I also tested Qwen3 235B q4 is better than Qwen3 32B Q8
Karim_acing_it@reddit
I run the IQ4_XS on 128GB DDR5 at a mere 3 tps in LM Studio, just made a post. Do you have any questions specifically? I personally couldn't witness a big increase in quality from Qwen 32B to Qwen 235B in my very initial testing, but it were most generic prompts too.
Secure_Reflection409@reddit (OP)
Awesome!
The more people we got testing this the better. Slow internet connection here so bear with me :)
a_beautiful_rhind@reddit
I can use it at Q4. Seems samey between it and exl3 3.0bpw where I can fully offload it. The API on OR gets a couple of things slightly more right but that's about all.

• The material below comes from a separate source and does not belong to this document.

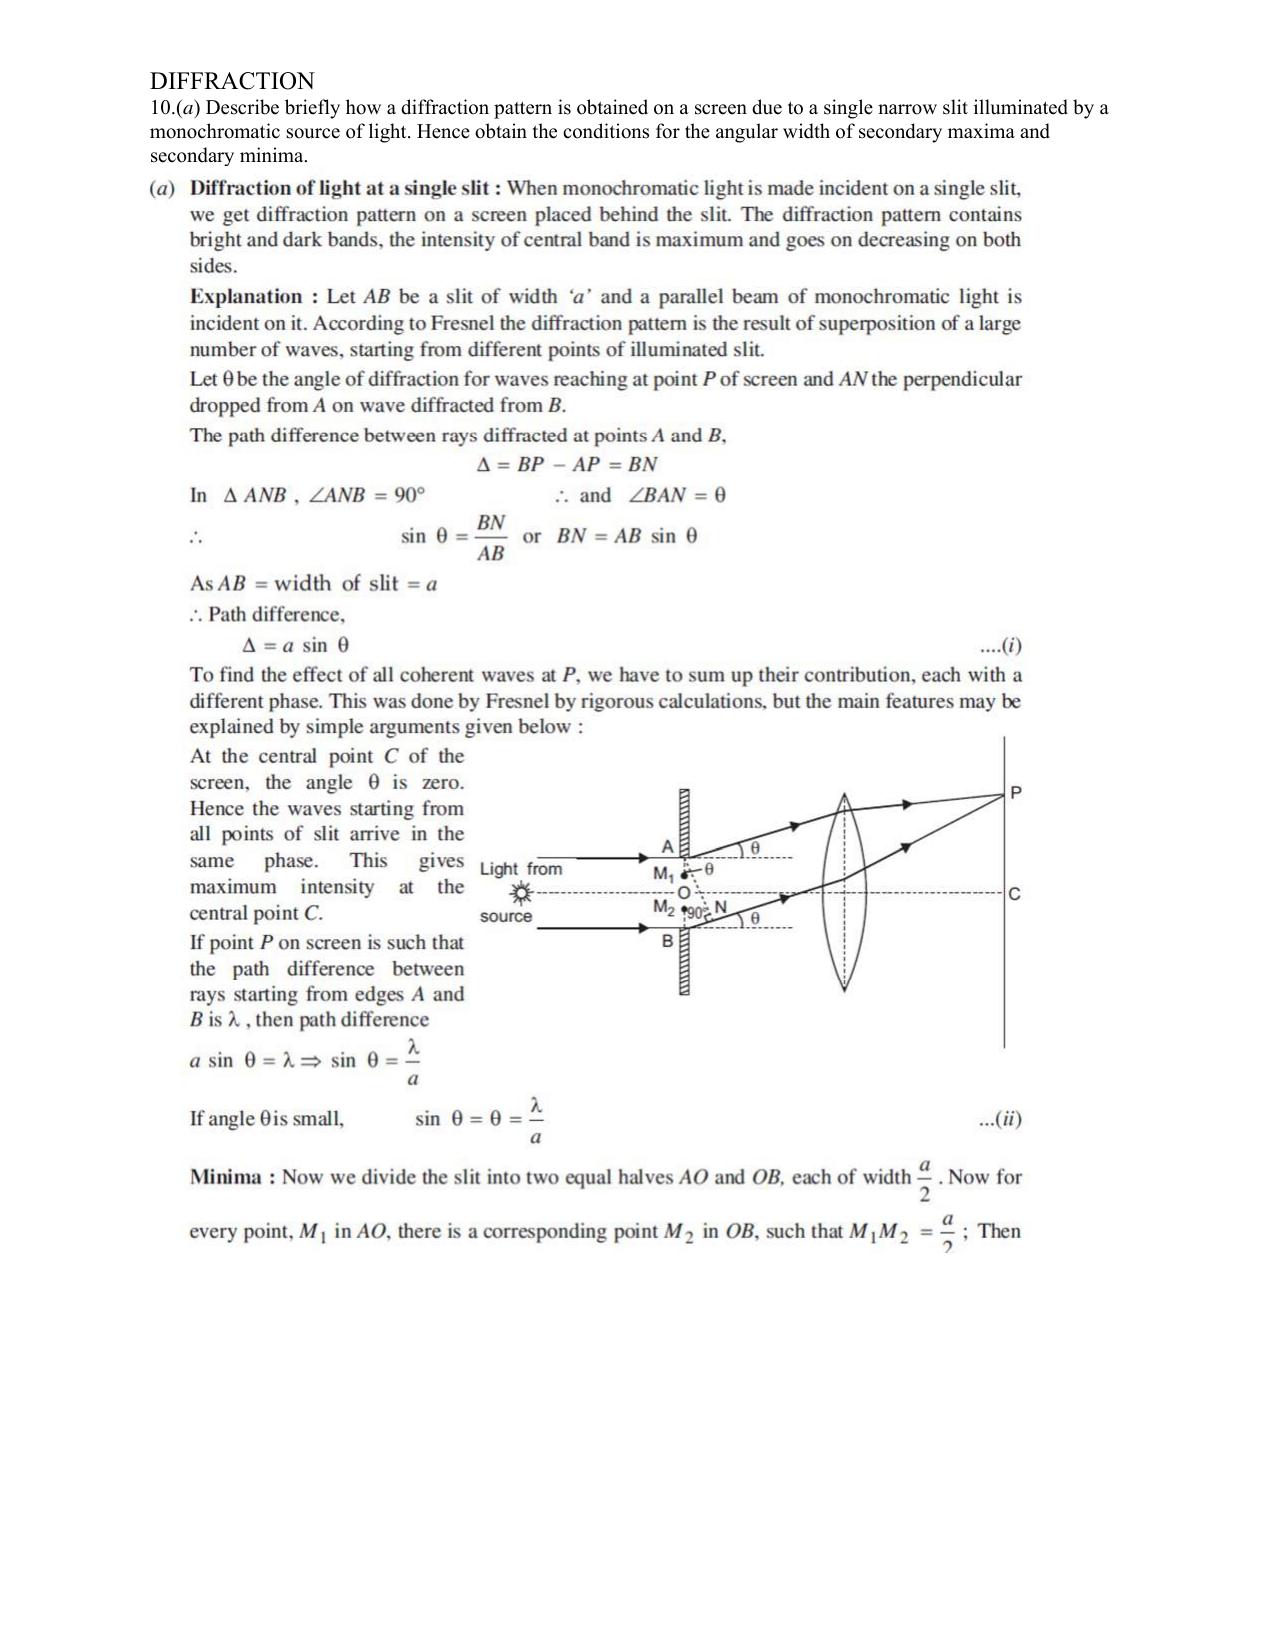 CBSE Class 12 Physics Worksheets for Optics - Page 18

You're running into the MoE problem of low active params. For me around ~30b is the cutoff where models start getting decent. 235b is not quite there but almost, the other params don't necessarily make up for it. Training data between them all was similar and so you have cases where the 32b does comparably. You wonder what all that extra memory is for.
Even deepseek makes ~30b style mistakes. Truly has a lot of knowledge in those params so it's less likely. These smaller MoE don't have that luxury or as good training data. 235b has all the stem stuff but not all the intelligence. Code and conversations need the latter. They force the model to generalize.
That we're even having this conversation shows it's not a free lunch of model go fast.
Red_Redditor_Reddit@reddit
I use 2q from unsloth. It's better than the 32b, but it also uses like 6x the memory the 32b @ 4q does. The main advantage is speed. If it wasn't that, there's more bang for your RAM with other dense models.Â
Zestyclose_Yak_3174@reddit
It feels like even unsloth's Q2_K is quite decent. I do think it has more to pull from and rooted in more real world knowledge VS Qwen 3 32B, however the difference might become really noticeable when accuracy is a must: coding, classification, etc
uti24@reddit
I tried Qwen 235B at Q2_K; it's definitely not lobotomized at that point, it performed quite well in my test.
I guess it might even be better than the 32B at Q8, but that would require a deeper comparison, which I haven’t done.